### INSTRUCTIONS FOR THE TASK
Lines below starting with the line with "Hidden casters allow" and going on through the line with "Variations in the natural" must be output exactly; the rest of the records must be left out.

### RECORDS SHOWN

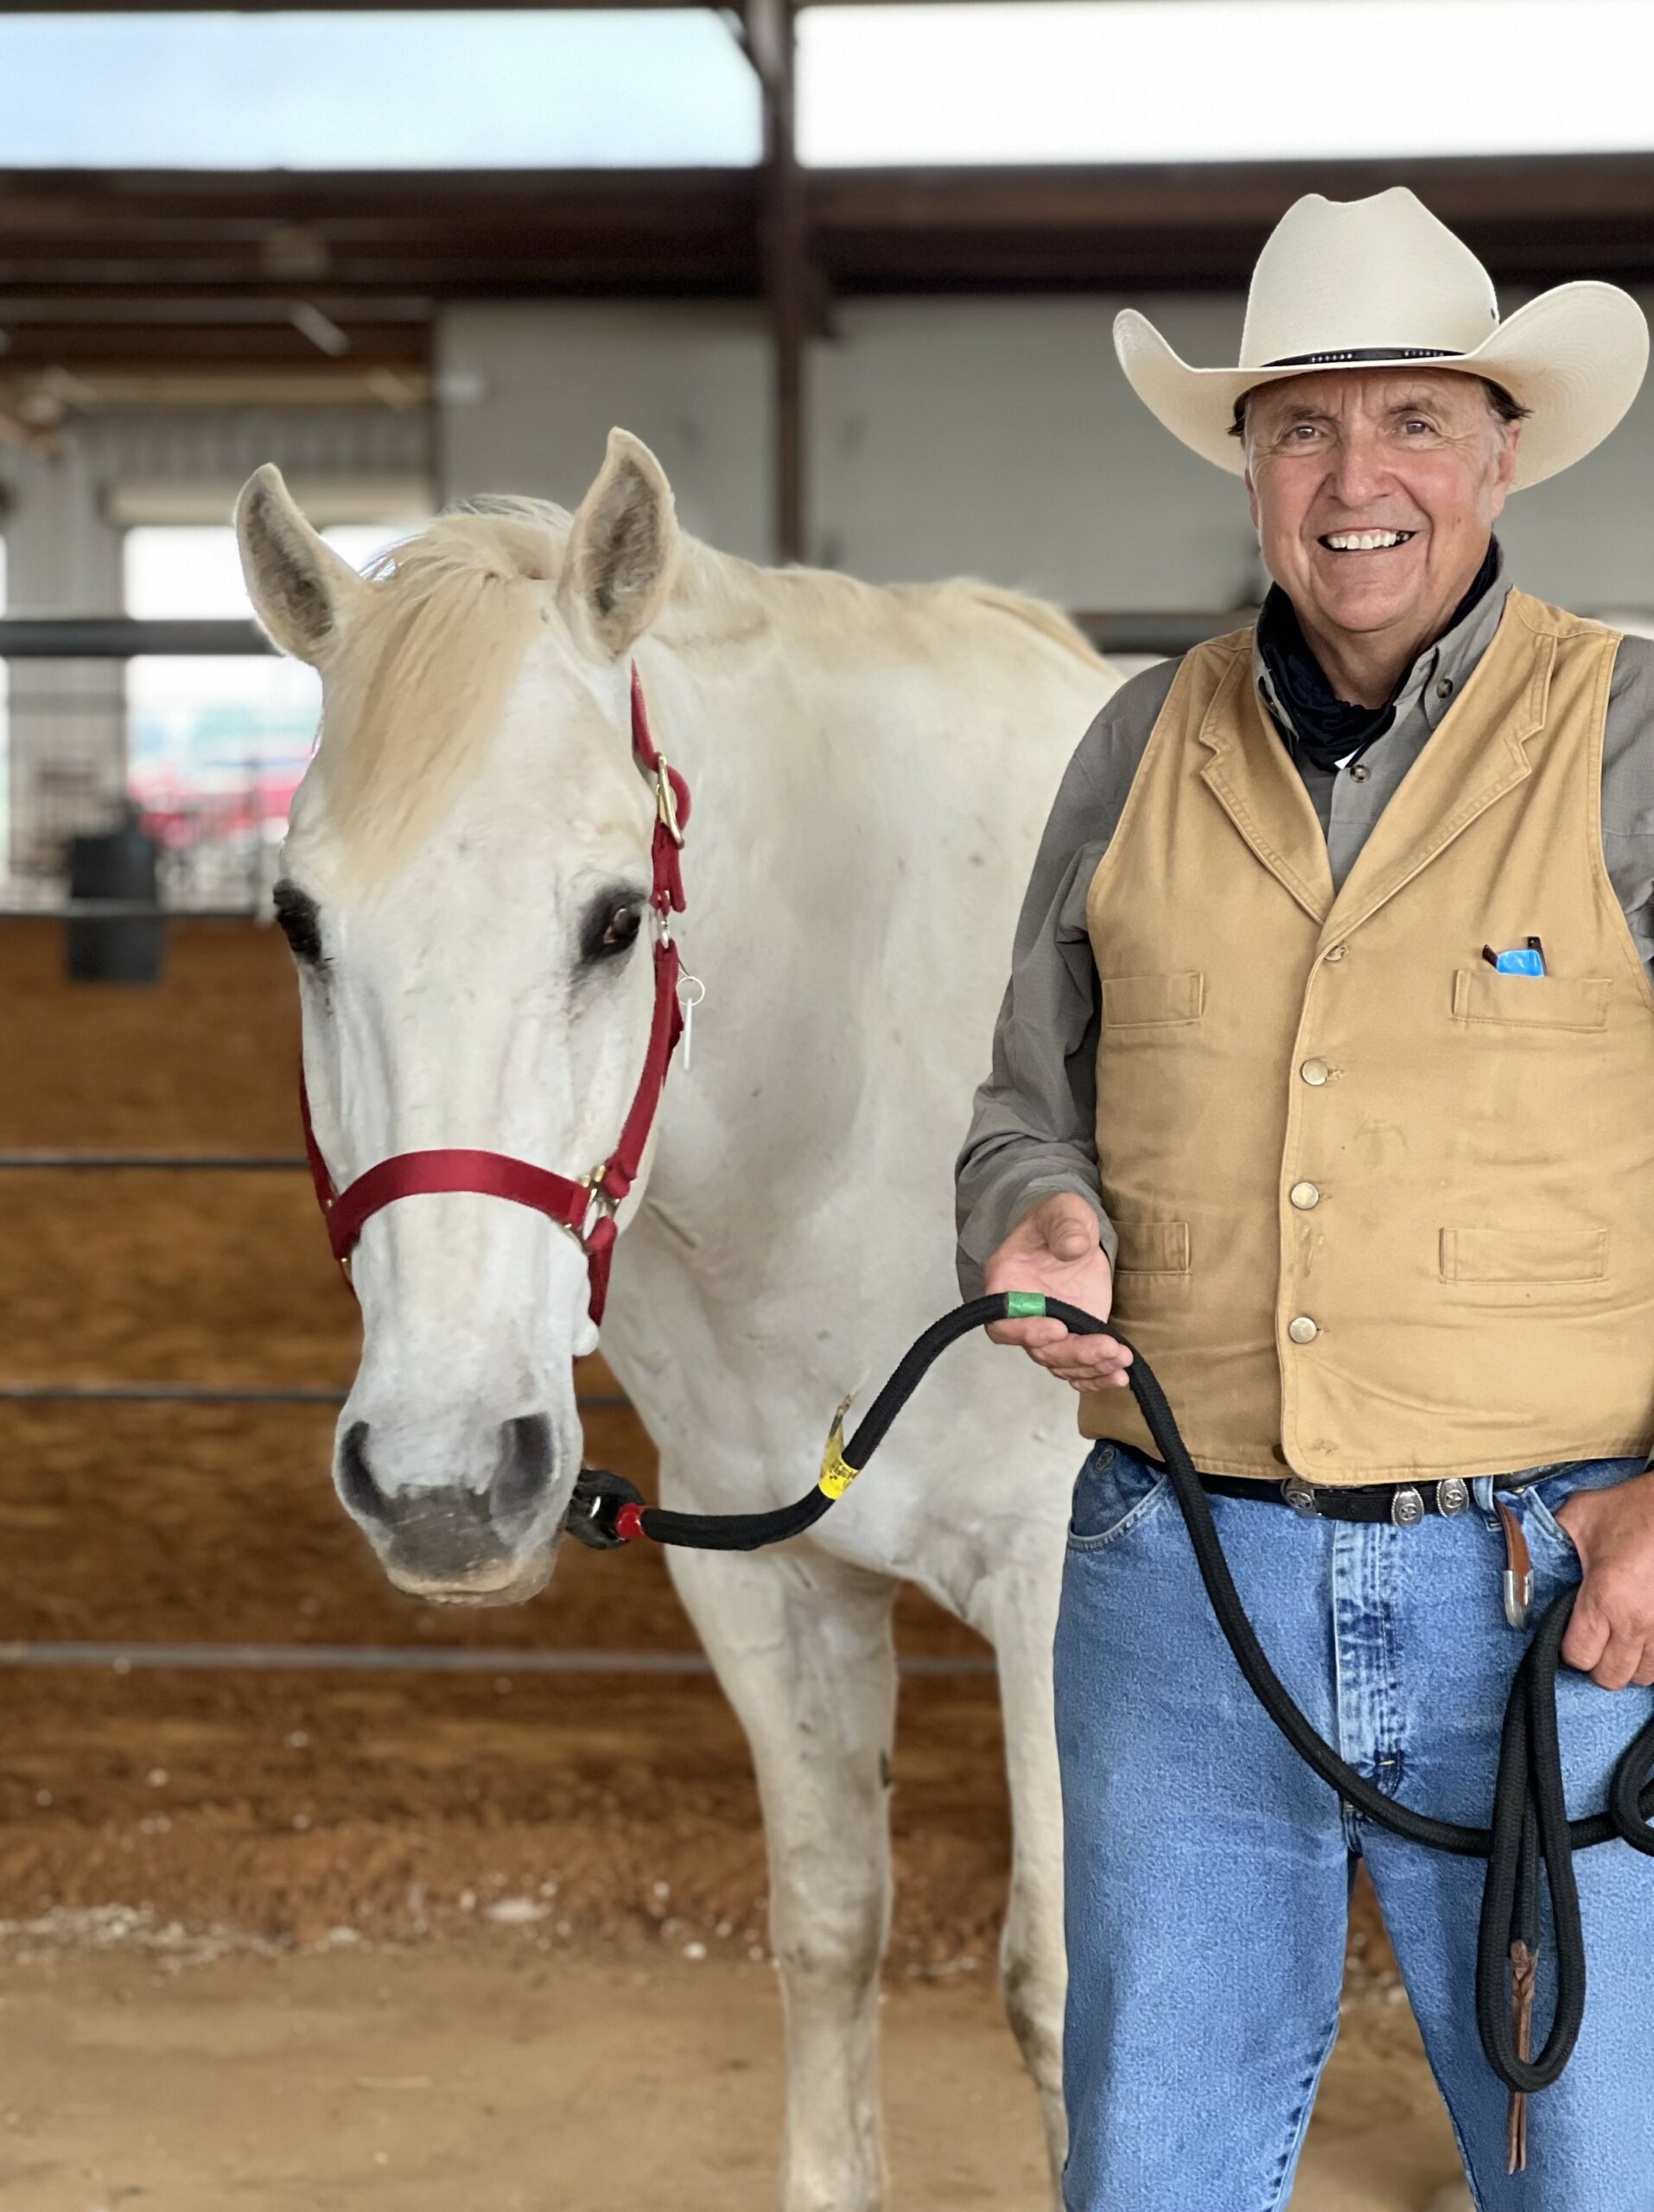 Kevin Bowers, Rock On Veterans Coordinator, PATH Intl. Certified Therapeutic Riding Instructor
---
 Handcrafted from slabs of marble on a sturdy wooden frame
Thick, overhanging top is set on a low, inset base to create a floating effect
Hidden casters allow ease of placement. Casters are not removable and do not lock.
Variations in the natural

### PROBLEM SOLUTION
Hidden casters allow ease of placement. Casters are not removable and do not lock.
Variations in the natural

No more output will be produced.